A adoção de inovações disruptivas sempre carrega consigo um ciclo previsível de entusiasmo, expectativa, desilusão e maturidade. Com a Inteligência Artificial generativa não é diferente. Após um período de “alvoroço”, com empresas de diversos tamanhos e segmentos trabalhando iniciativas para embarcar no hype da tecnologia, agora começamos a acompanhar um movimento conhecido como “o vale da desilusão da GenAI”.
Grandes corporações, em especial, enfrentam a dificuldade de implementar a tecnologia em suas operações e os desafios de adaptação são enormes. Um dos principais motivos para esse cenário? Planejamentos, muitas vezes rasos, dos custos e benefícios das iniciativas.

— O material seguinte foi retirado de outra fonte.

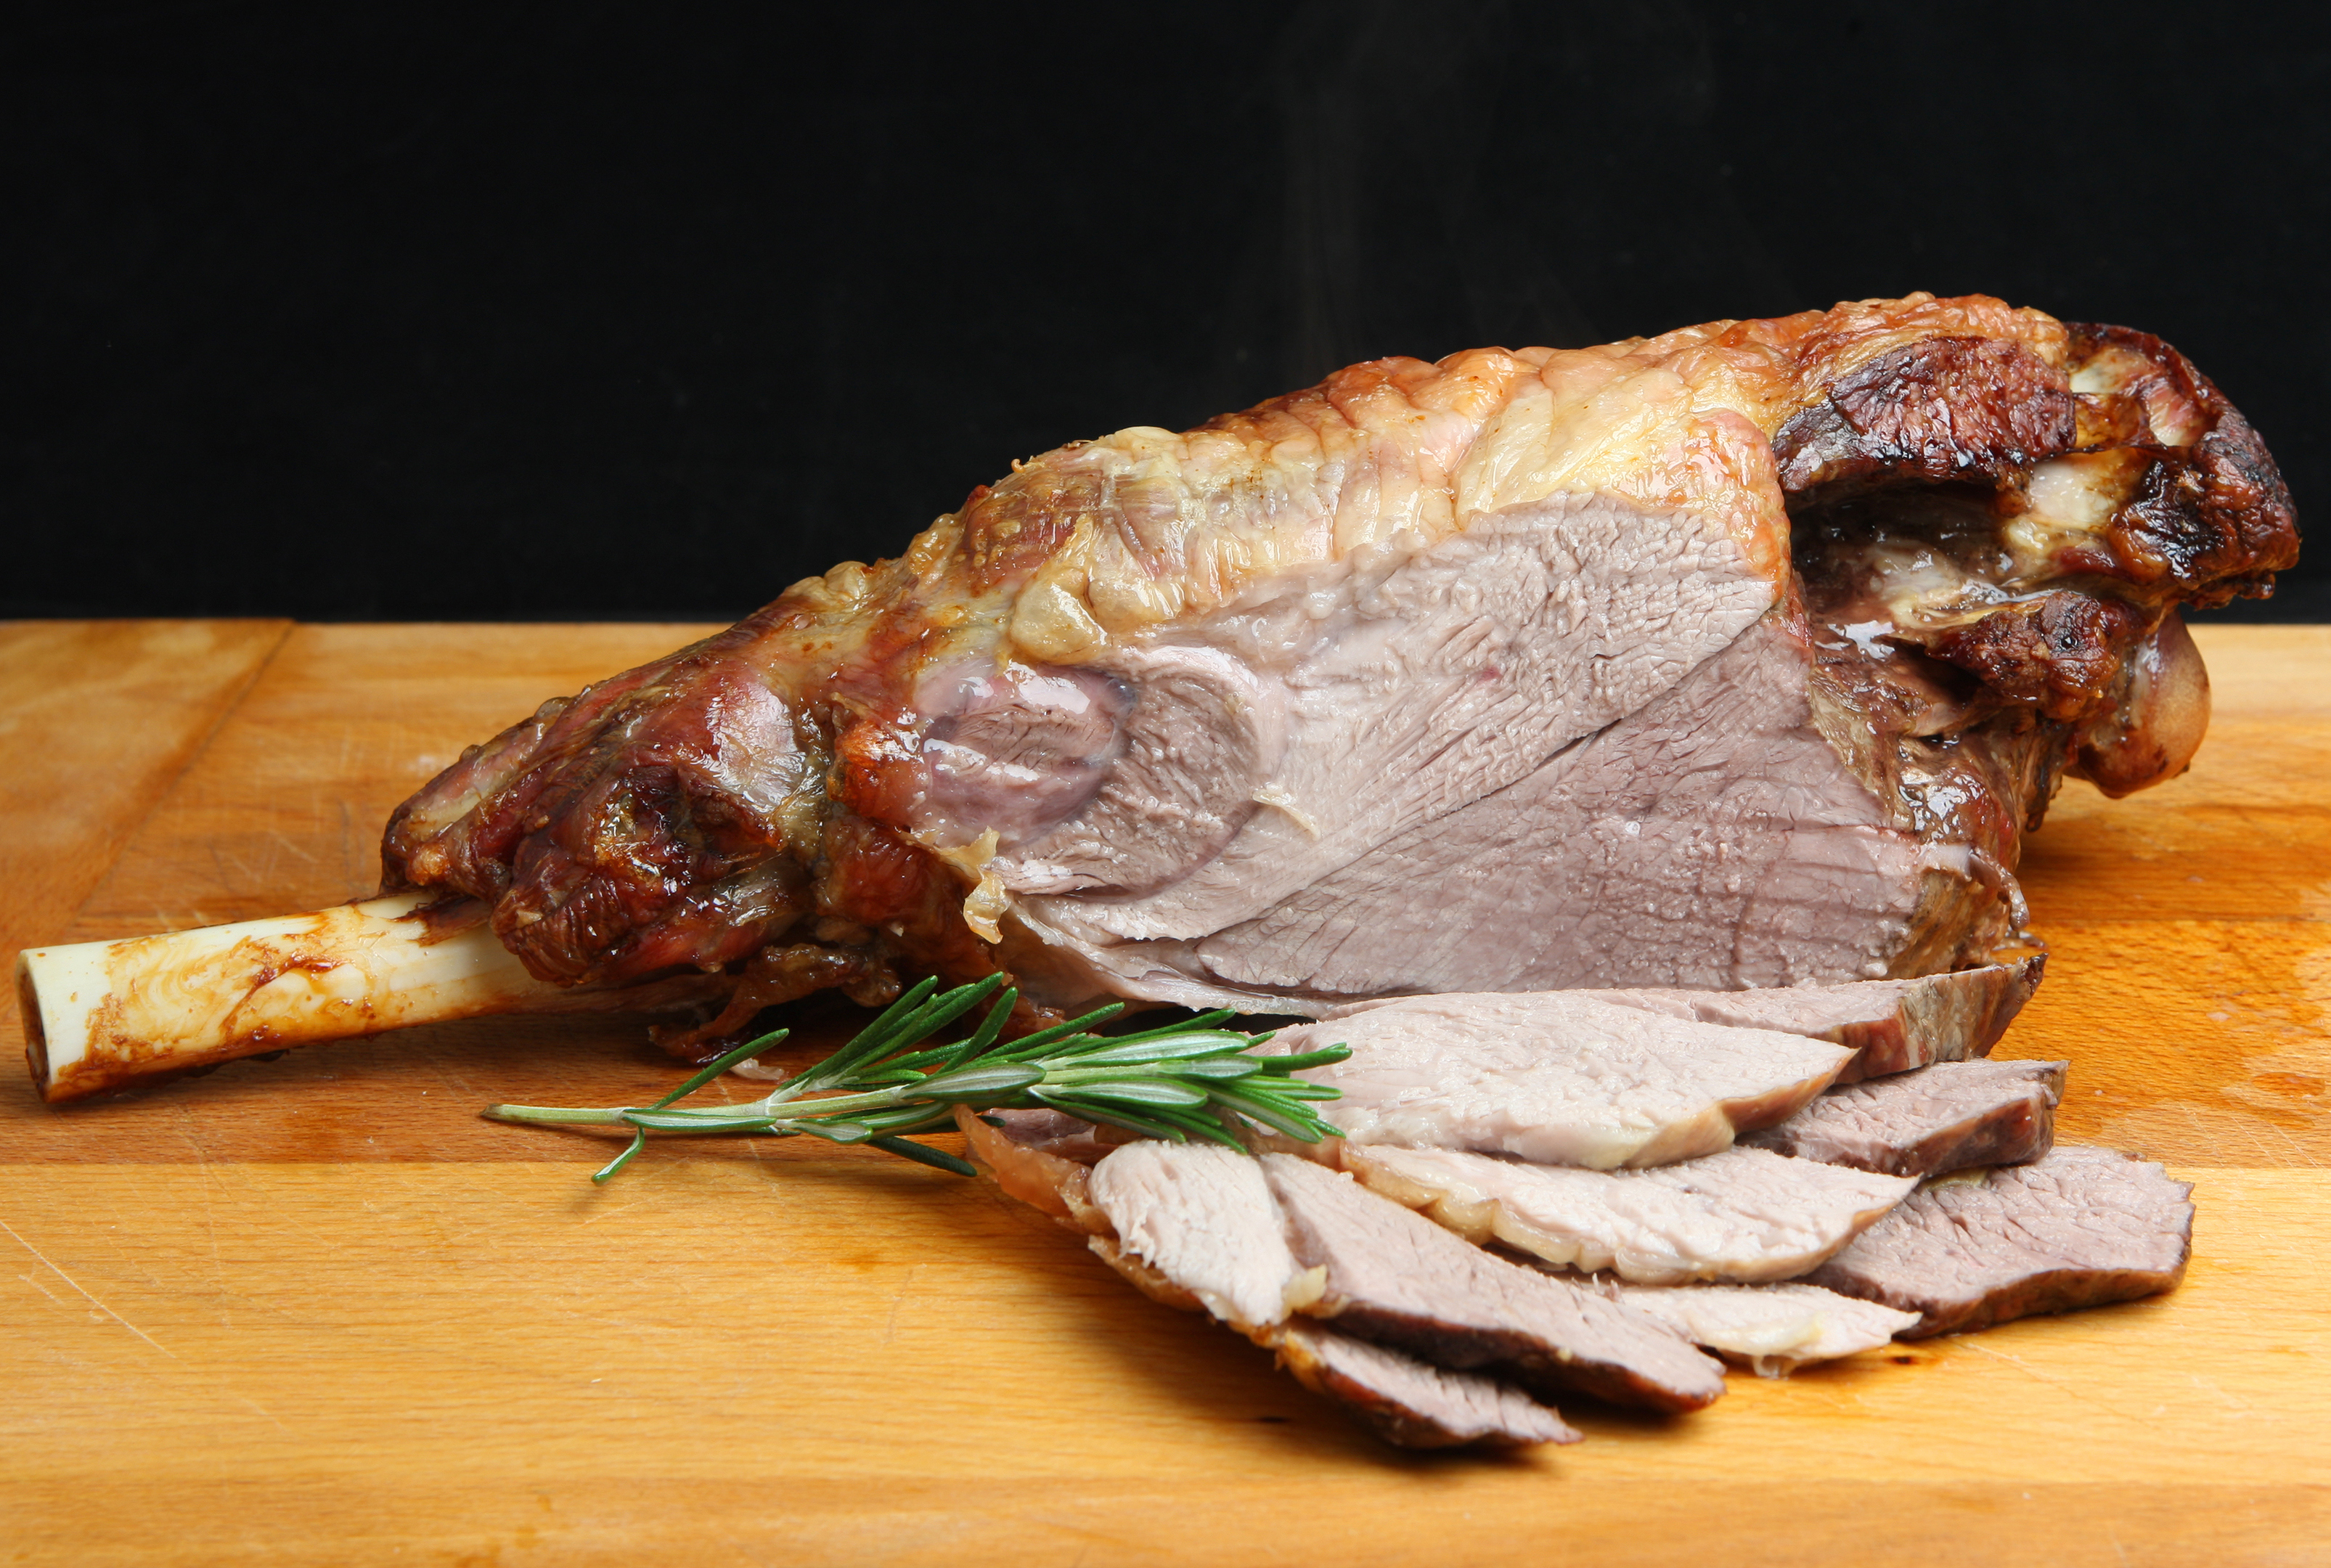 The sheep industry relies on a peak in lamb consumption at Easter

Segundo estimativa do Gartner, apresentada durante a conferência “Gartner CIO & IT Executive” realizada recentemente em São Paulo, 50% dos projetos de GenAI que buscavam eficiência sem um retorno sobre investimento (ROI) bem estruturado com LLMs já ficaram pelo caminho. O ROI em GenAI é complexo. Embora muitos esperem ganhos rápidos de produtividade, esse retorno nem sempre é mensurável de forma tangível e imediata.

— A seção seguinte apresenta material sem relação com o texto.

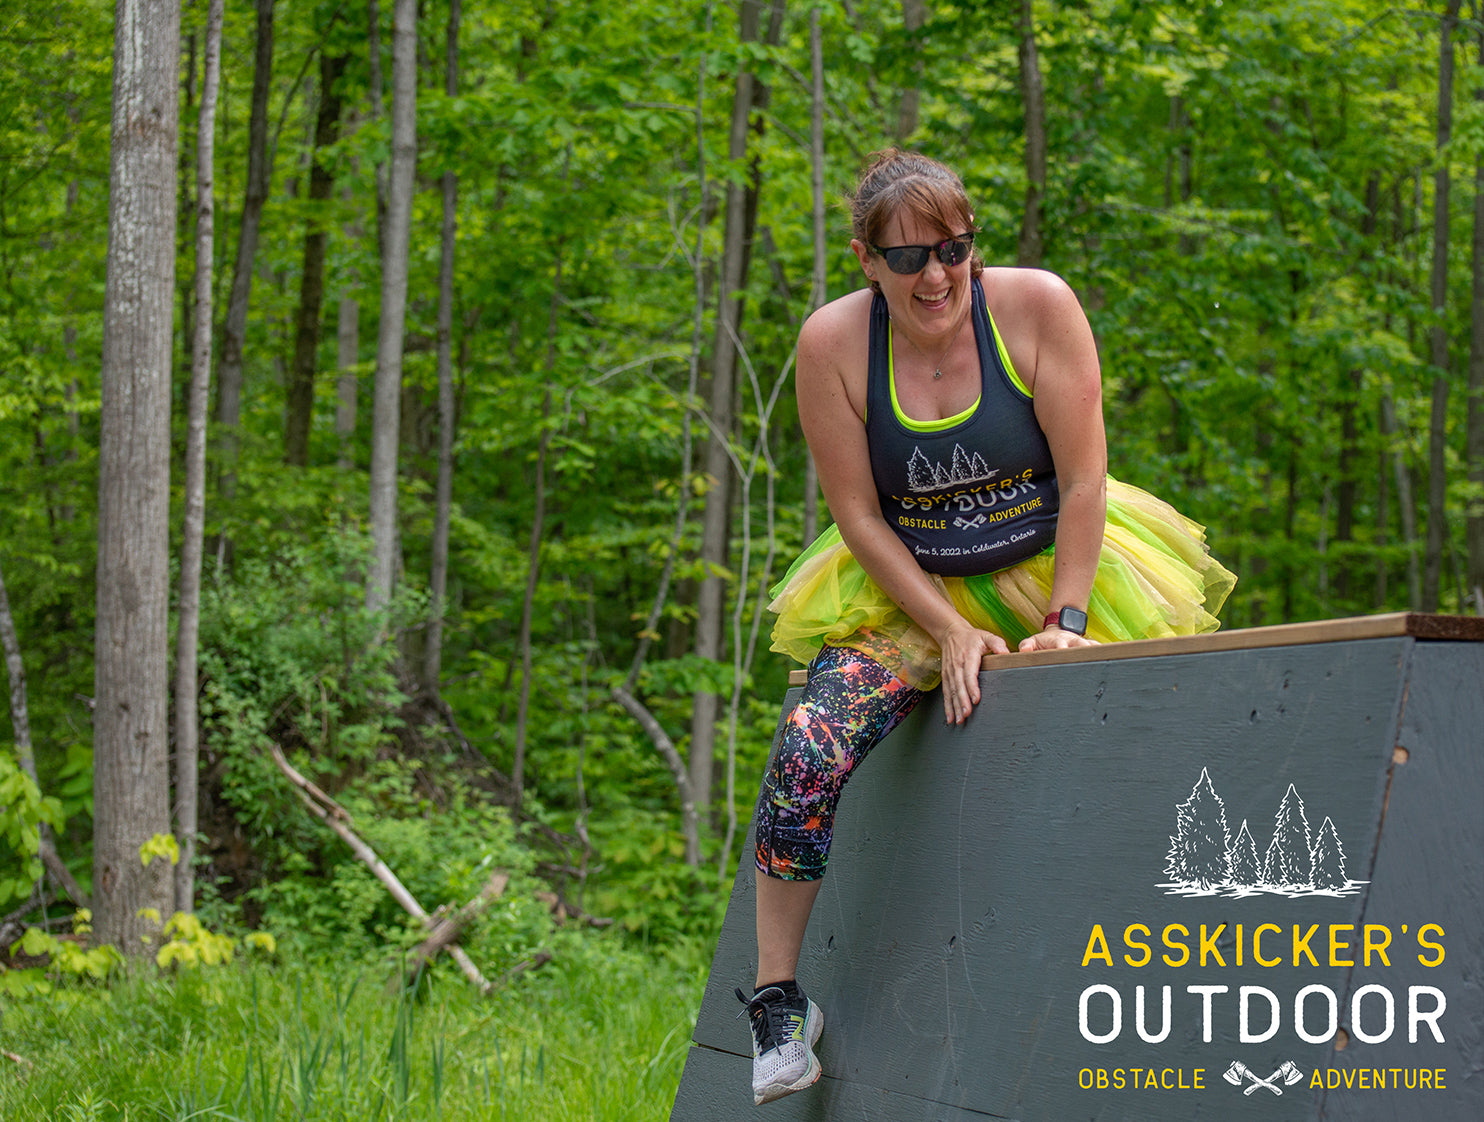 2022 - First Annual Asskicker's Outdoor Obstacle Adventure (5k Course)

Algumas organizações têm dificuldades em capturar todo o valor gerado pela IA, especialmente quando o ROI está ligado a melhorias intangíveis ou de longo prazo. A falta de uma estratégia clara de mensuração pode fazer com que empresas vejam seus custos crescerem sem um retorno proporcional.
Mas o investimento inicial em GenAI vai além do que está aparente à primeira vista: envolve tanto custos diretos como o consumo dos LLMs atualmente disponíveis, infraestrutura em cloud e ferramentas de IA, quanto custos indiretos, como o tempo de desenvolvimento, realocação de equipes e a gestão de mudanças. O processo de adoção raramente se limita ao orçamento previsto, uma vez que a complexidade de cada iniciativa, muitas vezes percebidas durante o andamento, pode elevar o total investido de forma significativa.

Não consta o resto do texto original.